Going with the assumption his health problems derail him while he builds up even more political prominence, we have to assume JFK is never elected President. This opens the door for his brother Robert Kennedy to run, and ride the wave of emotional support for the loss of his brother, much like he did in reality. Robert Kennedy would have to take on a larger role than he did in reality, seeing as how the Kennedy-Johnson policies on civil rights and other issues have to go on without either of them ever being in the White House.
So Nixon is President in 1960. What policy decisions he decides to act on first are unclear, but if there’s one thing we know for sure about Nixon, it’s that he hates Communists. Fidel Castro came to power in Cuba following the Revolution of 1959, something which concerned Eisenhower, Nixon and Kennedy alike. Before he leaves office Ike is developing a plan to fund a CIA backed mission to overthrow the Communist regime with the use of Cuban rebels. He hands it over not to Kennedy, but in this case, Nixon.
This is where our history could get real dark, real quick. Nixon, a staunch anti-communist and member of the House Un-American Activities Committee would take a hard line stance on Cuba. He would go ahead with the Bay of Pigs invasion like Kennedy did, and when it fails, the notoriously paranoid and self-conscious man would be internationally embarrassed. Tensions would escalate quickly, and Nixon’s response would likely not be to accept responsibility as Kennedy did, but shift the blame to the CIA.
It’s now 1962, and the Soviet Union and Communist Cuba enjoy their little victory much like they did in reality. But it’s likely they would only test the testy Nixon further. In reality, the Cuban Missile Crisis was the next Cold War showdown, and it was handled by the diplomatic Kennedy with the assistance of his cool and calm advisors like his brother. But in a Nixon administration, where he probably hasn’t been able to put the Bay of Pigs behind him, taking questions from reporters personally, and feeling all out ready for revenge, his reaction might not have been so diplomatic.
Nixon’s rhetoric – even the mere use of the word “blockade” rather than Kennedy’s “quarantine” – would have been taken as an act of war. It sounds scary, and it sounds unrealistic, but it’s a genuine possibility that WWIII could have broken out on Nixon’s watch. With this, the entire history of the world changes. Who knows how far this war is taken.

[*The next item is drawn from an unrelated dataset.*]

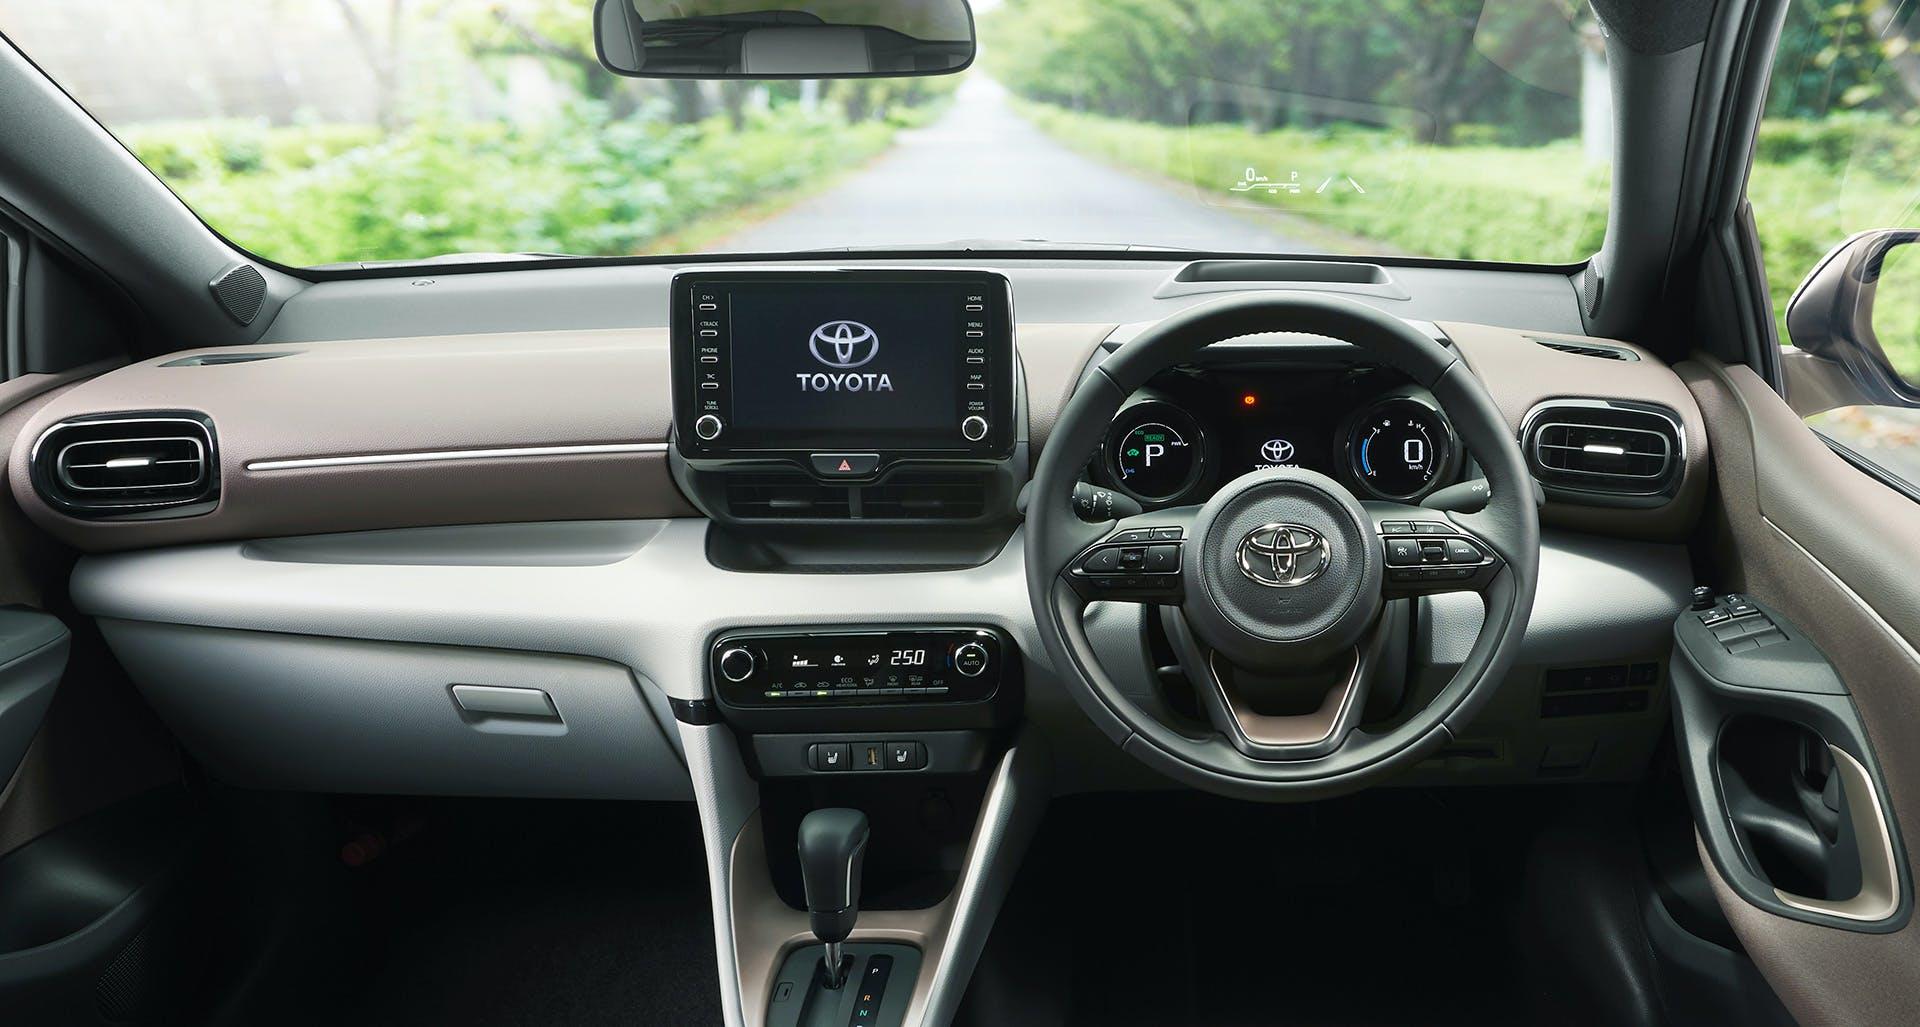 Nuova Toyota Yaris plancia

Will it just be escalated quasi-wars against the Soviets in places like Cuba and Southeast Asia, or will it mean Armageddon, and nuclear annihilation? If it’s the latter, then it’s fair to say we wouldn’t be here today.
So if Nixon takes the White House in 1960, at the very least, Kennedy is never assassinated, but may never be healthy enough to win the White House. Robert Kennedy would take up the reins of the Kennedy dynasty, and perhaps become President sometime in the 1970’s. But if things go really bad under Nixon, that decade, or any other decade for that matter, might never happen. The course of American history is entirely different. The course of world history is entirely different. Though it didn’t actually happen, what is fiction could have been fact, all because one man was almost President.